Setelah kejadian itu kami mempersiapkan segala sesuatu tentang pernikahan kami. Kami berencana melakukannya lima bulan kedepan. Satu bulan semua berjalan normal hingga satu bulan berikutnya dia tiba-tiba tak ada kabar. Awalnya saya pikir dia sibuk, tapi tidak biasanya dia tidak menghubungiku sama sekali selama seharian. Aku ke rumahnya, takut dia sakit karena dia memang sering sakit dan aku kaget rumahnya kosong. Mungkin mereka keluar kota untuk urusan mendadak. Kucoba hubungi tapi tak bisa. Perasaanku sudah tidak enak, ada yang tidak beres. Berhari hari kudatangi rumahnya tetap kosong. Dan aku sampai pada kesimpulan dia sengaja kabur menghindariku. Sakit hatiku, lebih dari sebelum sebelumnya. Tak pernah sesakit ini. Apa aku terlalu banyak menuntut. Apa aku semengerikan itu sampai dia takut menikahiku. Apa salahku. Berhari-hari aku mogok makan. Berminggu-minggu mengunci diri di kamar. Yang paling menyakitkan karena orang yang kamu cintai ternyata menyakiti. Hidupku berakhir saat itu. 
..........
"Anda sangat luar biasa, menghabiskan waktu anda untuk menjadi pendamping ODHA, kenapa anda ingin melakukan itu?" Seorang pembawa acara bertanya pada wanita di depannya. 

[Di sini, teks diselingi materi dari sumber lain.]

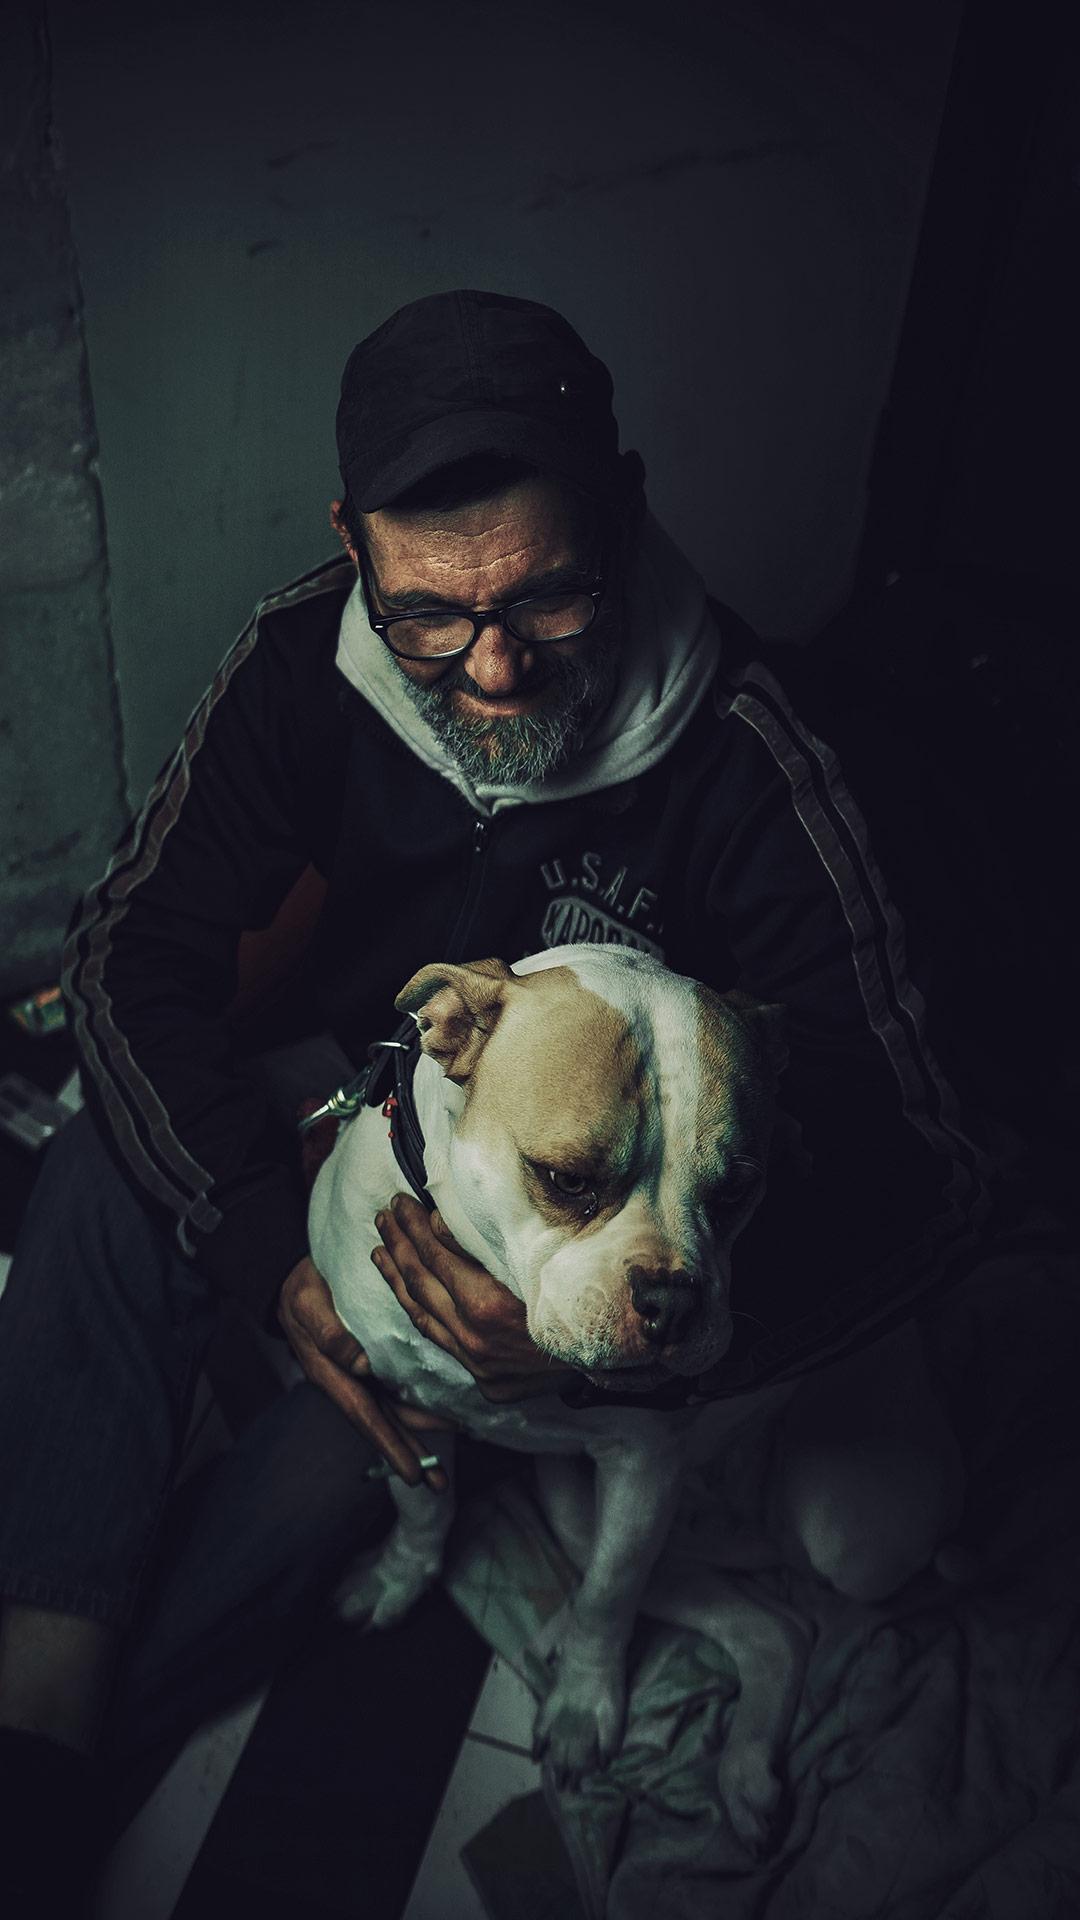 L'amitié ou Michel et sa chienne - Vivre dehors - 2019

Wanita yang ditanya tersenyum tulus dan berkata," karena bagaimanapun mereka manusia yang punya hak untuk di sayang. Mereka pantas untuk terus di dampingi bukan di tinggalkan. Ketidaktahuan membuat banyak orang bahkan penderita sendiri menjaga jarak dan itu hal yang tidak benar. Yang harus kita hindari penyakitnya bukan orangnya."
"Sangat menginspirasi. Maaf sebelumnya, apa anda memiliki kenalan maksud saya orang terdekat yang menderita HIV?" 
Si wanita seperempuan terdiam sejenak, seperti mengingat masa lalu, dan dia tersenyum kecil pada akhirnya namun matanya terlihat berkaca-kaca. 
"Ya, calon suami saya. Ketidaktahuan kami, terlebih dia membuat dia meninggalkan saya saat itu. Takut saya tertular. Saat itulah saya sangat membenci penyakit ini dan mencari banyak info dan sekarang berusaha membuat sebanyak mungkin orang mengerti," dia tetap tersenyum meski kesedihan tergambar di matanya. 
" Apa yang anda ingin sampaikan kepada masyarakat yang menonton?"
" Sekali lagi, jauhi penyakitnya bukan orangnya. Buat penderita sebisa mungkin open status kepada keluarga terdekat dan lakukan pendampingan agar keluarga maupun penderita tau apa yang harus dilakukan." Dan selanjutnya sampai acara selesai. Rini yang dulu di tinggalkan Revan tanpa alasan yang jelas akhirnya tau alasannya ketika semua sudah terlambat. Rehan berusaha melindunginya dengan tidak menularinya penyakit yang dideritanya.